If your child's symptoms persist beyond three to five days or worsen, your child's doctor may prescribe these medications:
- A type of steroid (glucocorticoid) may be given to reduce inflammation in the airway. Benefits will typically be felt within a few hours. A single dose of dexamethasone is usually recommended because of its long-lasting effects.
- Epinephrine also is effective in reducing airway inflammation and may be given in an inhaled form using a nebulizer for more-severe symptoms. It's fast acting, but its effects wear off quickly. Your child likely will need to be observed in the emergency room for several hours before going home to determine if a second dose is needed.
For severe croup, your child may need to spend time in a hospital to be monitored and receive additional treatments.
Croup often runs its course within three to five days. In the meantime, keep your child comfortable with a few simple measures:
- Stay calm. Comfort or distract your child — cuddle, read a book or play a quiet game. Crying makes breathing more difficult.
- Provide humidified or cool air. Although there's no evidence of benefit from these practices, many parents believe that humid air or cool air helps a child's breathing. For moist air, you can use a humidifier or sit with the child in a bathroom filled with steam generated by running hot water from the shower. If it's cool outside, you can open a window for your child to breathe the cool air.
- Hold your child in a comfortable upright position. Hold your child on your lap, or place your child in a favorite chair or infant seat. Sitting upright may make breathing easier.
- Offer fluids. For babies, breast milk or formula is fine. For older children, soup or frozen fruit pops may be soothing.
- Encourage rest. Sleep can help your child fight the infection.
- Try a fever reducer. If your child has a fever, over-the-counter medicines, such as acetaminophen (Tylenol, others), may help.
- Skip the cold medicines. Over-the-counter cold preparations aren't recommended for children of any age, and can be harmful in children less than 2 years of age. Plus nonprescription cough medicines won't help croup.
Your child's cough may improve during the day, but don't be surprised if it returns at night. You may want to sleep near your child or even in the same room so that you can take quick action if your child's symptoms become severe.
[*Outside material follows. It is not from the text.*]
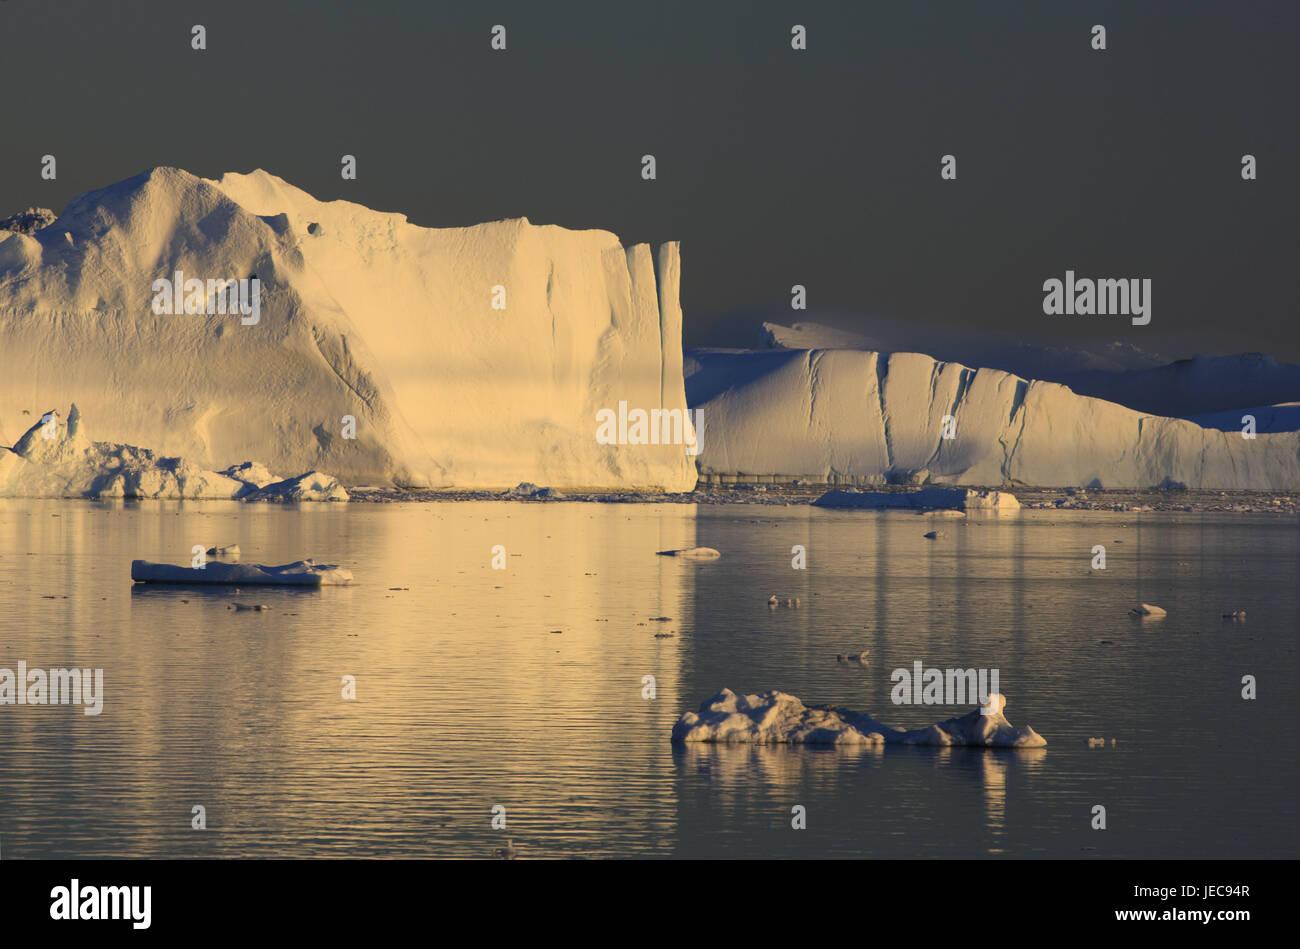 Greenland, Disco Bay, Ilulissat, fjord, icebergs, evening light, Western Greenland, ice, glacier, the Arctic, summer, - Stock Image

In most cases of croup, your child won't need to see a doctor. However, if your child's symptoms are severe or aren't responding to home treatment, you should call your doctor.
What you can do
Before your appointment, make a list of:
- Your child's symptoms, including how long they have been occurring, what if anything makes them better or worse
- Any medication your child is taking, including over-the-counter medications, vitamins, herbs and other supplements, and their dosages
- Questions to ask your child's doctor
What to expect from your doctor
Your child's doctor will likely ask a number of questions to help determine the best course of treatment:
- What are your child's symptoms?
- Has your child had a fever or difficulty swallowing?
- How long has your child been experiencing symptoms?
- Has your child's cough become progressively worse? If so, how rapidly?
- Have you noticed a pattern to your child's cough? For instance, does it get worse at night?
- Has your child had croup in the past?
- Has your child recently been exposed to other sick children?
- Does your child have any other medical conditions?
- Are your child's vaccinations up to date?
Your doctor will ask additional questions based on your responses and your child's symptoms and needs. Preparing and anticipating questions will help you make the most of your time with the doctor.